Finally, with cold resentment on his face and hot disappointment in his heart, the exiled one mounted the spiraling stairs to the academy roof. Much of it had fallen in over the years, of course, but there was enough of it still standing for him to kneel there.

"This is where we once dueled,"his mind supplied, unbidden. "Here we trained, and here we fought, and here we killed."

Baring his teeth, the exiled one forced his mind into submission and silence. He knelt there for hours, but to him it could've been mere minutes; unlike most Sith, he could exhibit patience when it proved necessary. The Force was maddeningly quiet, as if to say it had brought him this far, and he ought to be able to find his own way now.

Peace is a lie. There is only passion…

The exiled one sat up straight, his eyes flying open. The roof was as deserted as ever, of course, but that voice … it was beyond familiar.
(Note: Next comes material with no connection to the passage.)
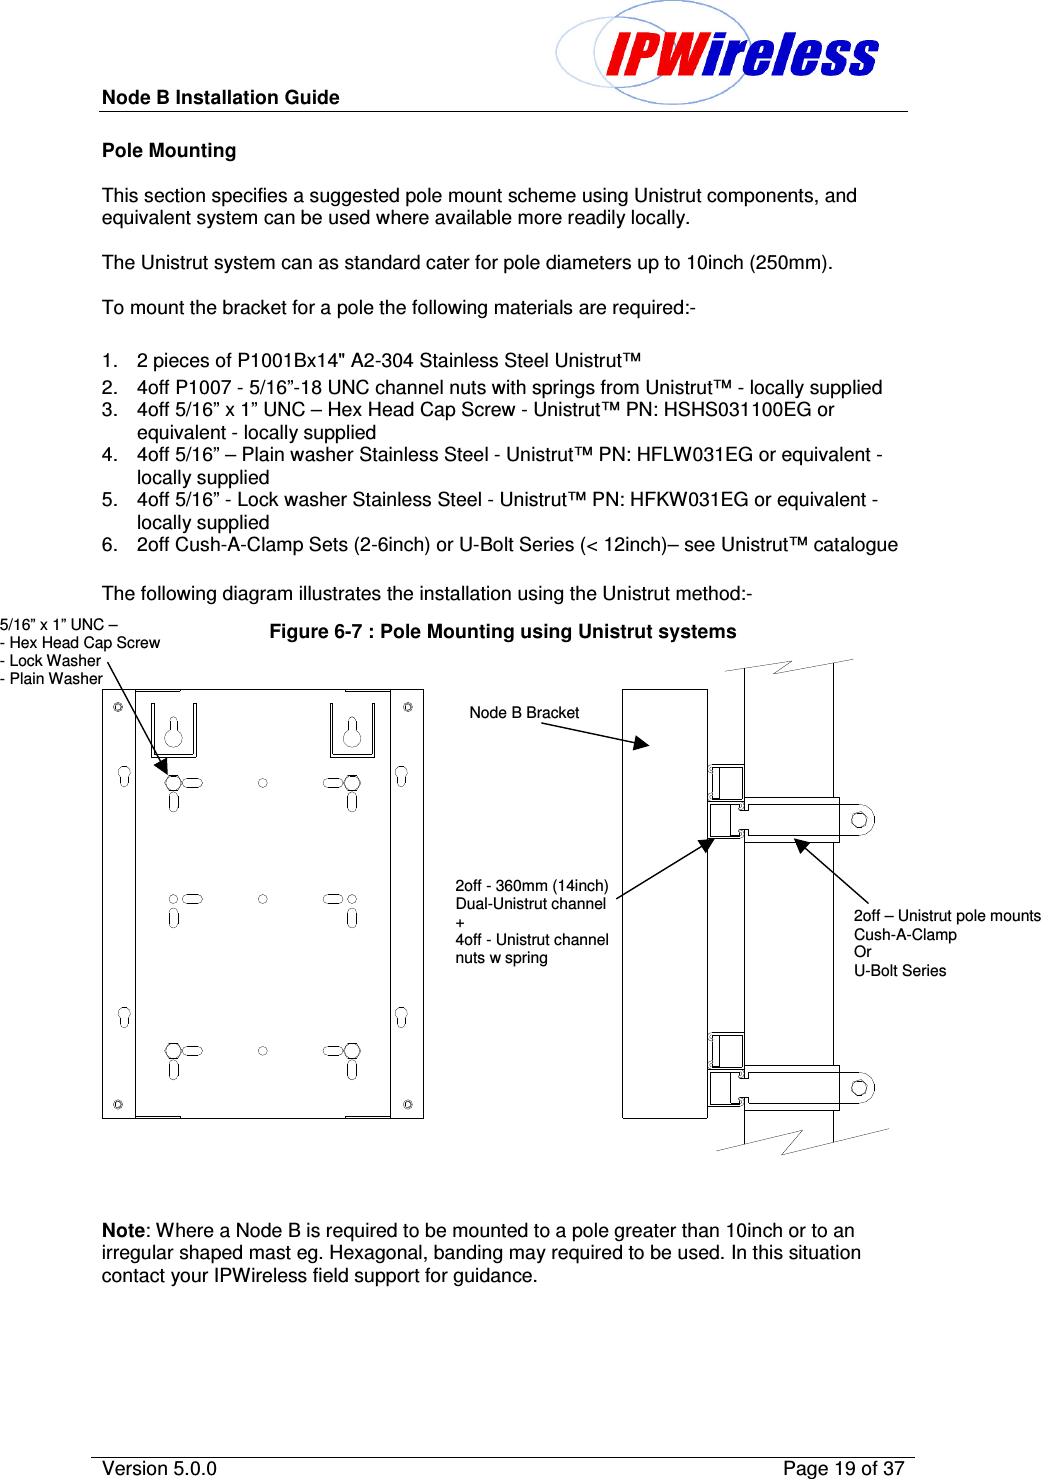 Node B Installation Guide                                              Version 5.0.0    Page 19 of 37  Pole Mounting  This section specifies a suggested pole mount scheme using Unistrut components, and equivalent system can be used where available more readily locally.  The Unistrut system can as standard cater for pole diameters up to 10inch (250mm).  To mount the bracket for a pole the following materials are required:-  1.  2 pieces of P1001Bx14&quot; A2-304 Stainless Steel Unistrut™ 2.  4off P1007 - 5/16”-18 UNC channel nuts with springs from Unistrut™ - locally supplied  3.  4off 5/16” x 1” UNC – Hex Head Cap Screw - Unistrut™ PN: HSHS031100EG or equivalent - locally supplied 4.  4off 5/16” – Plain washer Stainless Steel - Unistrut™ PN: HFLW031EG or equivalent - locally supplied 5.  4off 5/16” - Lock washer Stainless Steel - Unistrut™ PN: HFKW031EG or equivalent - locally supplied 6.  2off Cush-A-Clamp Sets (2-6inch) or U-Bolt Series (&lt; 12inch)– see Unistrut™ catalogue  The following diagram illustrates the installation using the Unistrut method:- Figure 6-7 : Pole Mounting using Unistrut systems    Note: Where a Node B is required to be mounted to a pole greater than 10inch or to an irregular shaped mast eg. Hexagonal, banding may required to be used. In this situation contact your IPWireless field support for guidance.  Node B Bracket  2off - 360mm (14inch)  Dual-Unistrut channel + 4off - Unistrut channel nuts w spring   2off – Unistrut pole mounts Cush-A-Clamp  Or U-Bolt Series 5/16” x 1” UNC –  - Hex Head Cap Screw - Lock Washer - Plain Washer

It was the voice of Bane, Dark Lord of the Sith, dead since the exiled one had been a teenager. He'd heard of Force ghosts, spirits of great Sith living on long after their body's demise, but somehow he couldn't see Bane becoming one. Besides, he'd read what history he could find; why would Bane's spirit return here, to the cradle of power of the Brotherhood he'd helped destroy?

Through passion, we gain strength … from strength, victory …

There was no mistaking it this time. The voice was Bane's, but it didn't sound as the exiled one had imagined a Force ghost would, either. A recording, then?

Do not kneel there as a Jedi in meditation, child. Show passion and the dark side will lead you to the victory you seek.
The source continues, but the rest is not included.